Expectations Notation

Treatment effect for some individual and Expectations
- Treatment effect: $Y_1-Y_0$
- Treatment effects of individuals in a group (index notation): $Y_{1_i}-Y_{0_i}$
- The Average Treatment Effect for a population or ATE: $E[Y_{1_i}-Y_{0_i}]$
  
  Formally, the expectation is the mean of some variable, so if we could randomly sample a very large number of people from a population (maybe even the entire population), then the average of those draws would equal the expectations.
- When we look to data, we try and estimate the expectation by taking averages. i.e., finding the average treatment effect (ATE).
  - Why ATE:
    - Good: it is interest to research, policy, or organizational question
    - Less good: easier to think about and learn about
Conditional Expectations: $E[X|C]$ it means the expectation of some property $X$ of the population given the condition $C$

The useful Equation $\text{Estimate}=\text{Estimand}+\text{Bias}+\text{Noise}$ Another way to put the equation: $\text{Correlation}=\text{Causation}+\text{Bias}+\text{Noise}$
- Estimate: What we see in the data
- Estimand: What we are interested in knowing
- Bias: The causal inference problem (often but not always)
- Noise: The statistical inference problem
Estimand, Estimator, and Estimate
- Estimand: the thing we want to measure
- Estimator: the procedure we use to generate our estimate
- Estimate: A "guess" of the value of the estimand, formed by some method (i.e., the estimator)
The Estimand for a causal claim is the ATE: $E[Y_{1_i}-Y_{0_i}]$
Properties of Estimators
- Bias: the estimator is systematically wrong on average.
  - If we ran it agian on different people/units, we would just be wrong again.
  - Unbiased = True/Correct on average
- Precision: The more consistent the hypothetical estimates from repeating the estimator, the more precise the estimate.

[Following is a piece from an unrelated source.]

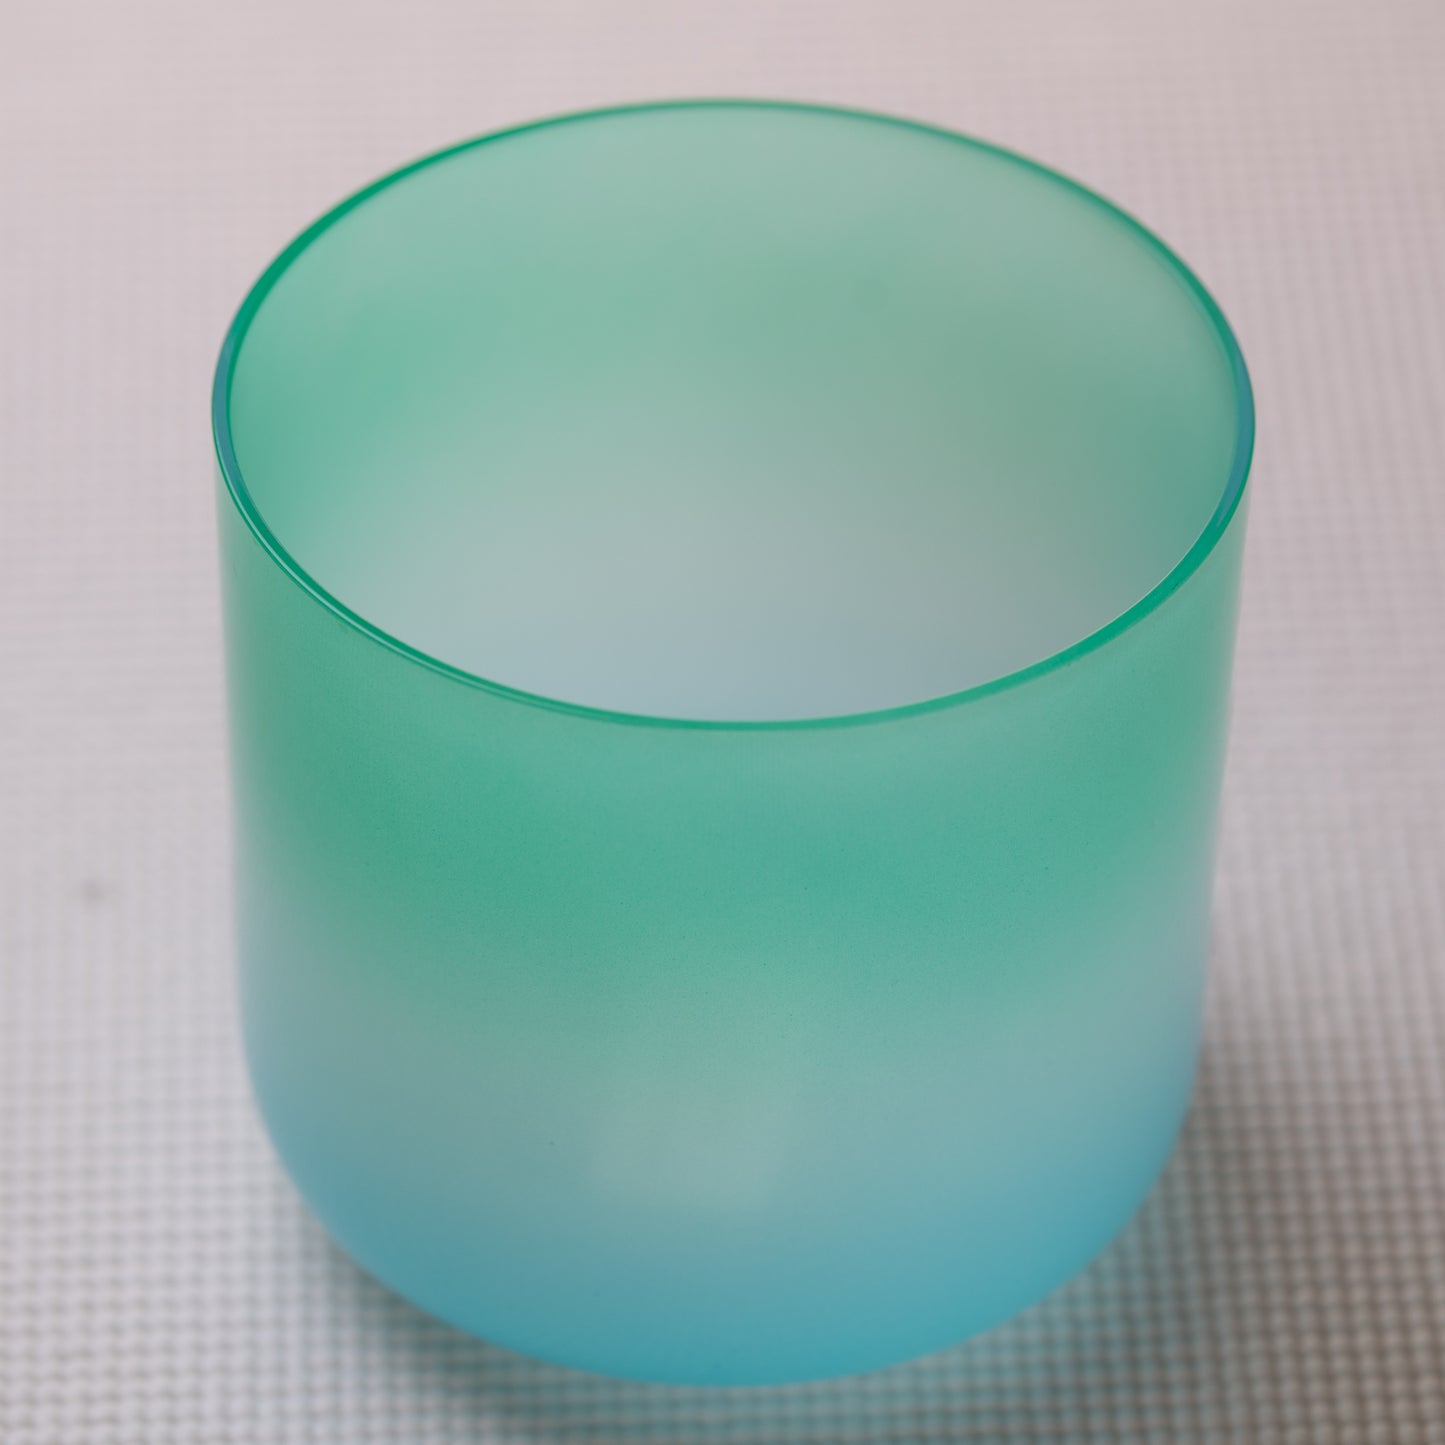 5.25" C-35 Blue Green Tourmaline Color Crystal Singing Bowl, Sacred Singing Bowls
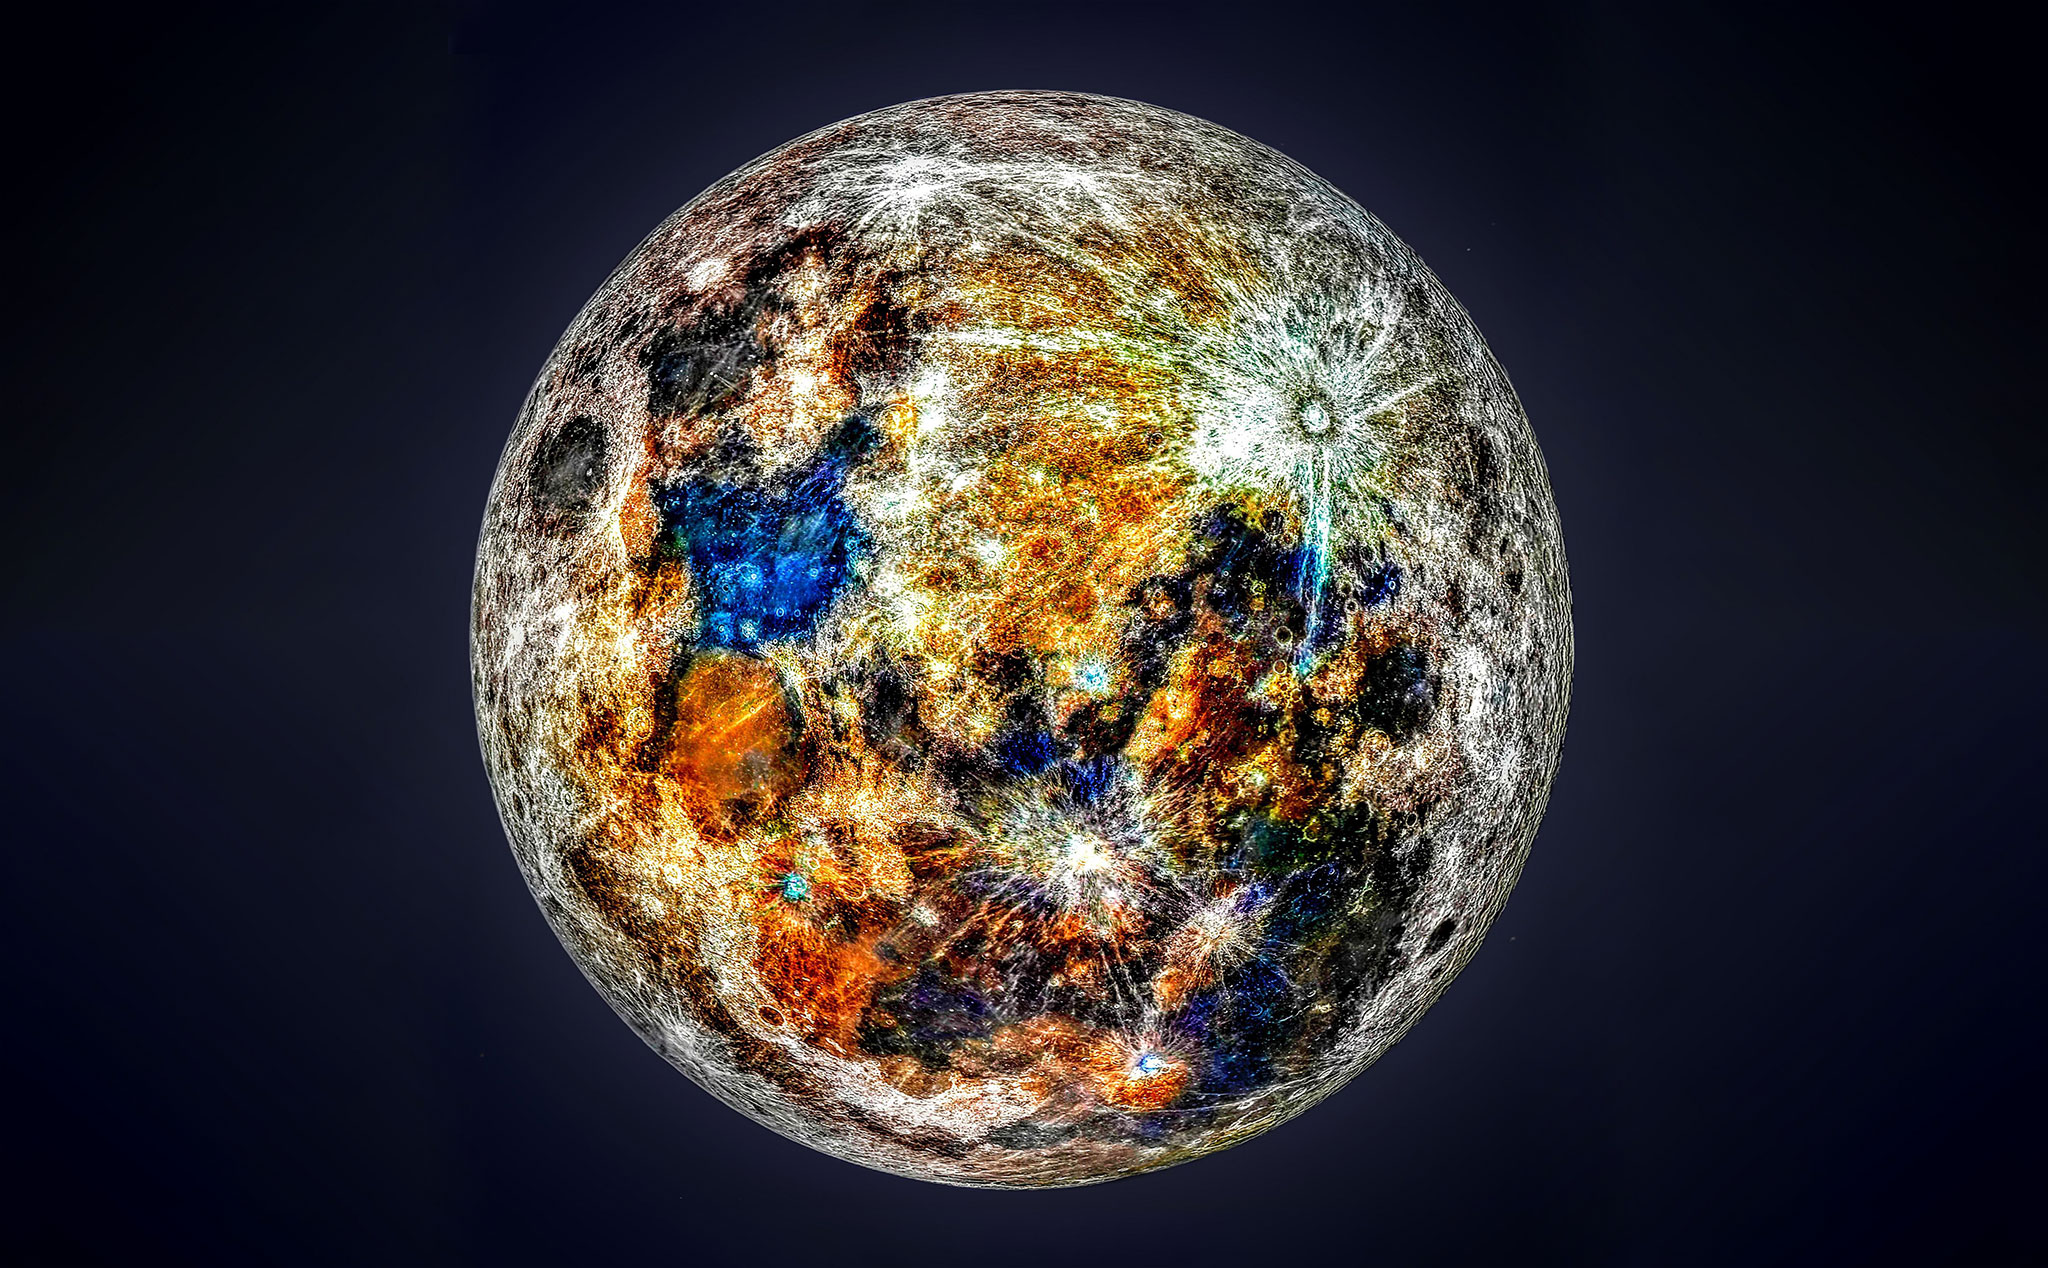 Đây là hình ảnh chi tiết bề mặt của mặt trăng sau khi được ghép bởi hơn 150.000 ảnh chụp từ trái đất

Recall the useful equation, why do estimates $\neq$ $\neq$ estimand: $\text{Estimate}=\text{Estimand}+\text{Bias}+\text{Noise}$
- Bias: Misses a particular direction
- Noise: Spread
Source of Bias:
- Sample is not representative of population of interest
- Systematic measurement error
- Response bias
  - Social desirability bias
  - Demand effects
- For causal claims: confounding and reverse casuality
Noise:
- Sampling Variation
- Role of "luck" is a function of sample size
- As sample gets larger $\rightarrow$ Less noise